Current projects


Ensemble is a National Science Digital Library project for computing education communities to share and discuss digital educational materials through a distributed portal to existing collections, maintaining curation at each collection.



The focus of this project is hybrid stream-archive query processing. Data stream processing is interesting and has been well studied; however, to take full advantage of data streams, one must be able to combine and correlate information in those streams with archived historical data. This project aims to find efficient mechanisms for combining stream data with 'similar' data from the archive. Techniques being investigated include porthole queries and adaptive access.



We believe that data management systems of the future must stress data movement over data storage. NIAGARA is an initial effort, conducted with the University of Wisconsin, to move beyond disk-centric data management to net-centric systems. It emphasizes handling richer structures of data, such as XML, and incremental, stream-based processing of data.



This projects looks at streams containing missing data and will explore various mechanisms to deal with them. As a motivating scenario, we collaborate with the PORTAL ADUS and look at traffic data streams from Inductlive Loop Detectors installed on the the Portland, Oregon Metropolitan Area Freeway system.



The Superimposed Pluggable Architecture for Contexts and Excerpts (SPARCE) is a middleware architecture for superimposed information management.

Exploiting the User Interface for Data Integration in Effectiveness Research


This projects looks at the roles of the database developer and the data analyst, providing tools that allow database developers to losslessly transform databases in a way that then allows analysts to make informed integration decisions.

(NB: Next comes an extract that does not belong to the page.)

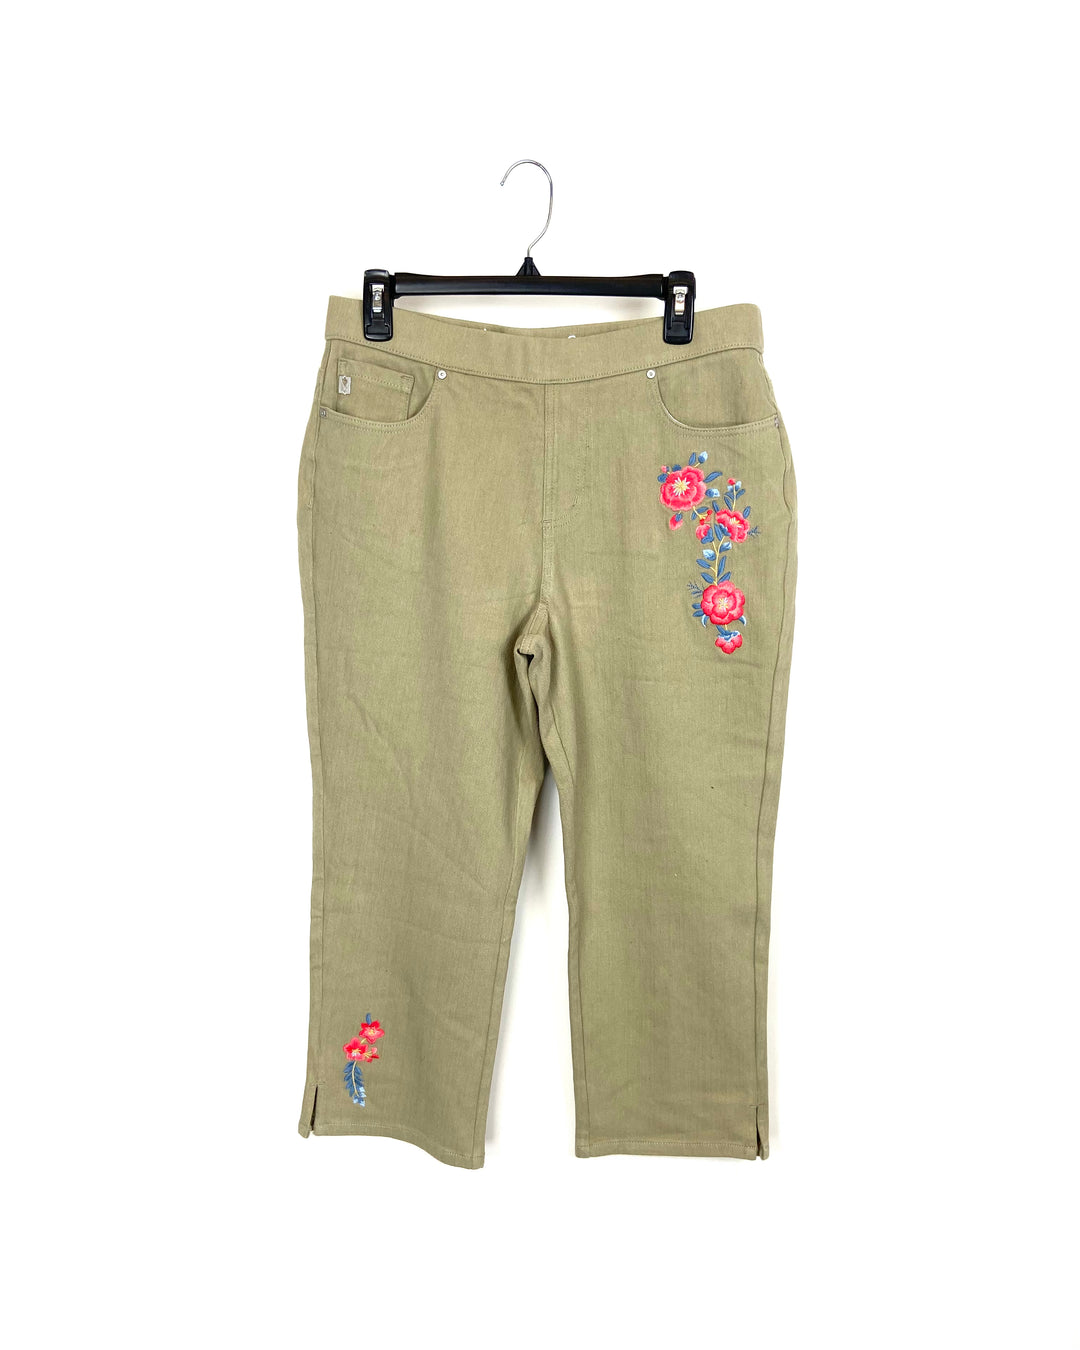 Beige Jeans with Floral Embroidery - Size 6/8 and 12/14

FDD: Full Disclosure of Data Preparation and Use


In this project, we explore the way in which data users (e.g., analysts who work with various datasets as part of their job) clean, transform, and integrate their data with a particular focus on whether or not they document their steps. The project will interview data users from several application domains to determine whether they document their steps (as they work their datasets) and whether they believe the documentation is useful.



Agrios integrates R and SciDB, facilitating rapid analyses of large datasets by automatically managing data movement between the two systems.